• anion effect;
  • dipyridylamide frameworks;
  • macrocycles;
  • structural transformation;
  • X-ray diffraction


We have synthesized a series of 1 D double-zigzag ({[Zn(paps)2(H2O)2](PF6)2}n (1), {[Zn(papo)2(H2O)2](PF6)2}n (3), and {[Zn(papc)2(H2O)2](PF6)2}n (5)) and 2 D polyrotaxane ([Zn(papc)2(PF6)2]n (6)) frameworks through the reaction of Zn(PF6)2 with dipyridylamide ligands (N,N′-bis(pyridylcarbonyl)-4,4′-diaminodiphenyl thioether (paps), N,N′-bis(pyridylcarbonyl)-4,4′-diaminodiphenyl ether (papo), and N,N′-(methylenedi-p-phenylene)bispyridine-4-carboxamide (papc), respectively), and their molecular structures have been determined through X-ray diffraction studies.
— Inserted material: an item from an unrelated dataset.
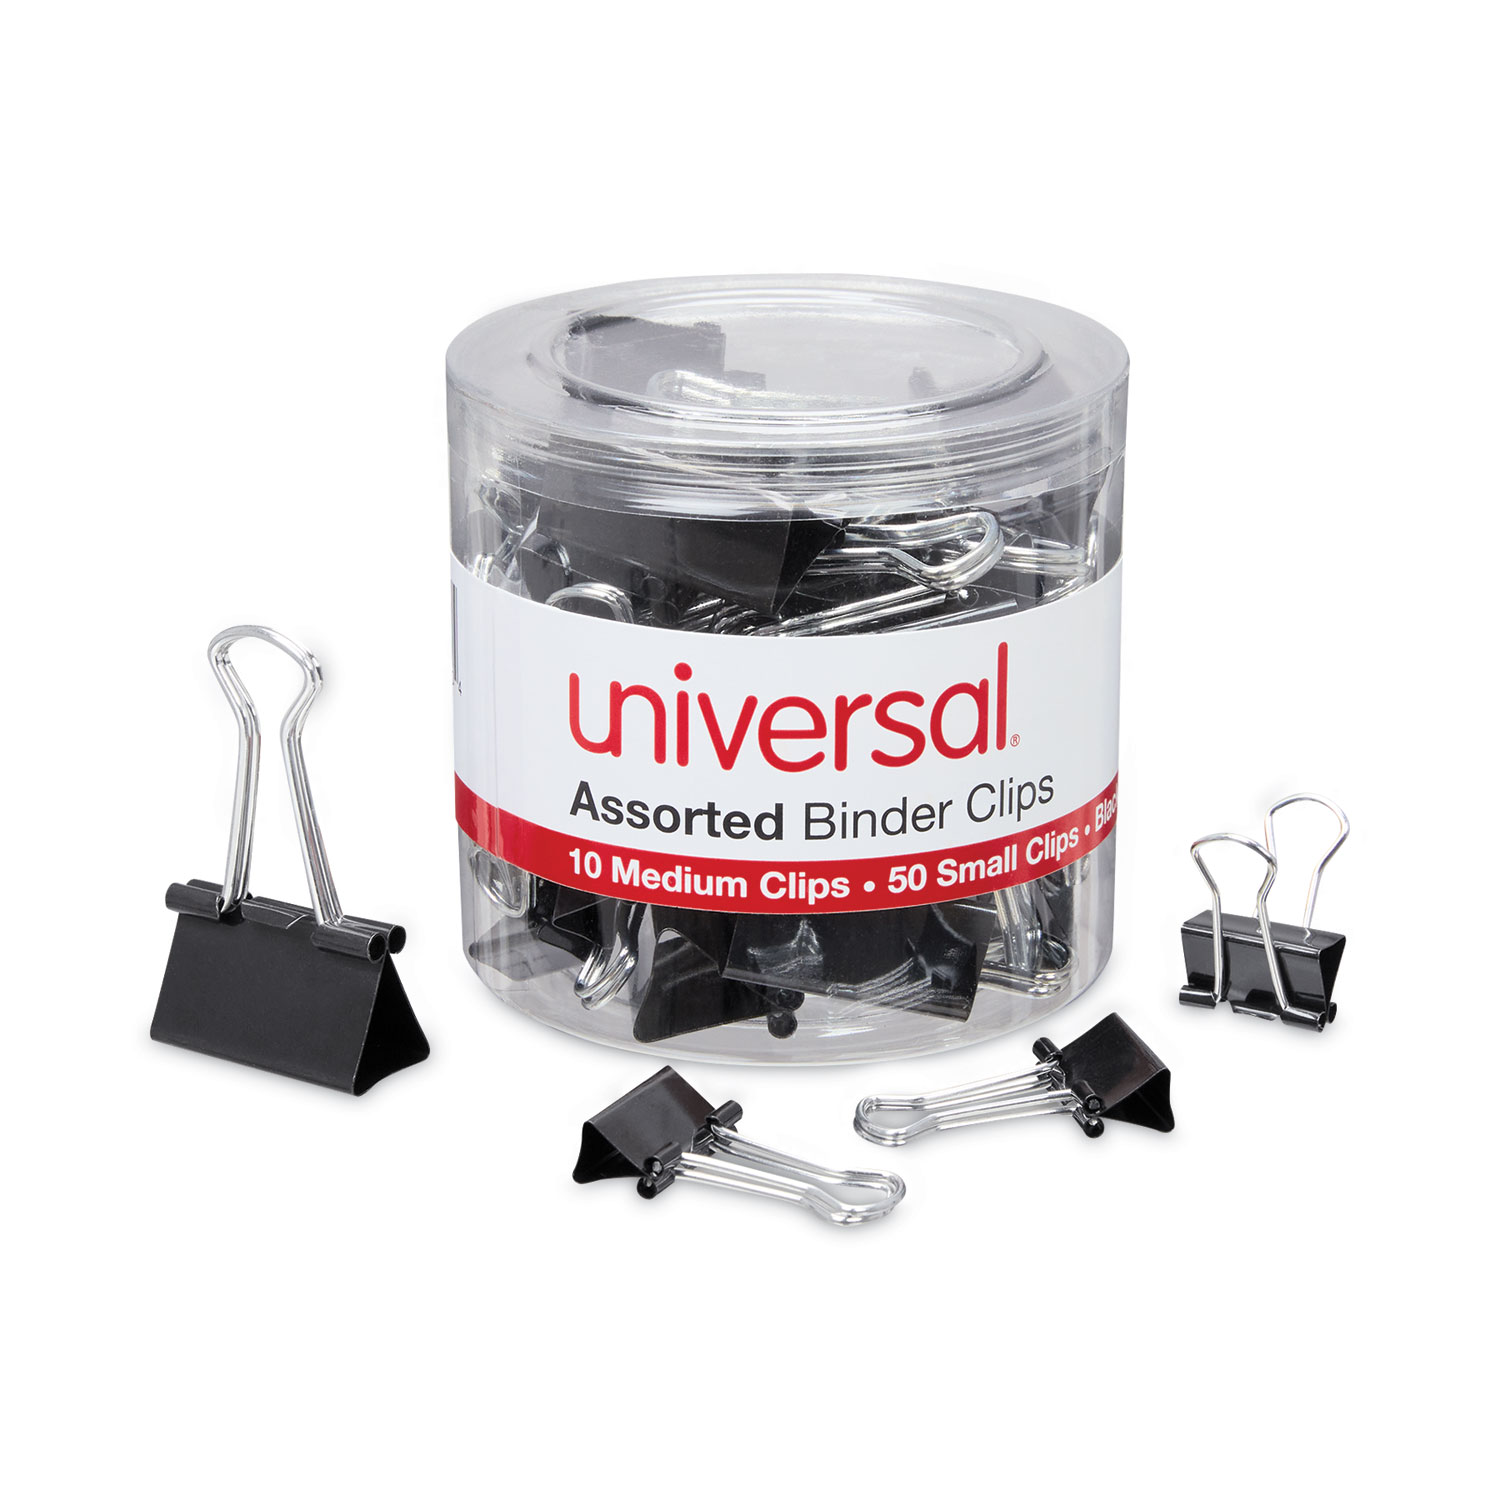 UNV10210 - Medium Binder Clips by Universal

From the powder X-ray diffraction (PXRD) experiments, it is found that on heating, the double-zigzag frameworks 1 and 3 undergo structural transformation to give the respective polyrotaxane frameworks 2 ([Zn(paps)2(PF6)2]n) and 4 ([Zn(papo)2(PF6)2]n), which matched well with those of their Zn(ClO4)2 analogues. Furthermore, grinding the solid samples of 2 and 4 in the presence of moisture resulted in total conversion back to the double-zigzag frameworks 1 and 3, respectively. Although the 1 D double-zigzag and 2 D polyrotaxane frameworks of ZnII-paps and -papo with ClO4 anions can be also interconverted through heating and grinding in the presence of moisture, the related ZnII-papc framework with ClO4 can only undergo a structural transformation process through heating. Surprisingly, reversible structural transformation between 5 and 6 has been proven successfully. In this work, we show that by replacing ClO4 with PF6, a series of ZnII-papx-based frameworks can be obtained. Significantly, this indicates that a remarkable anion effect on such a novel structural transformation process has been demonstrated.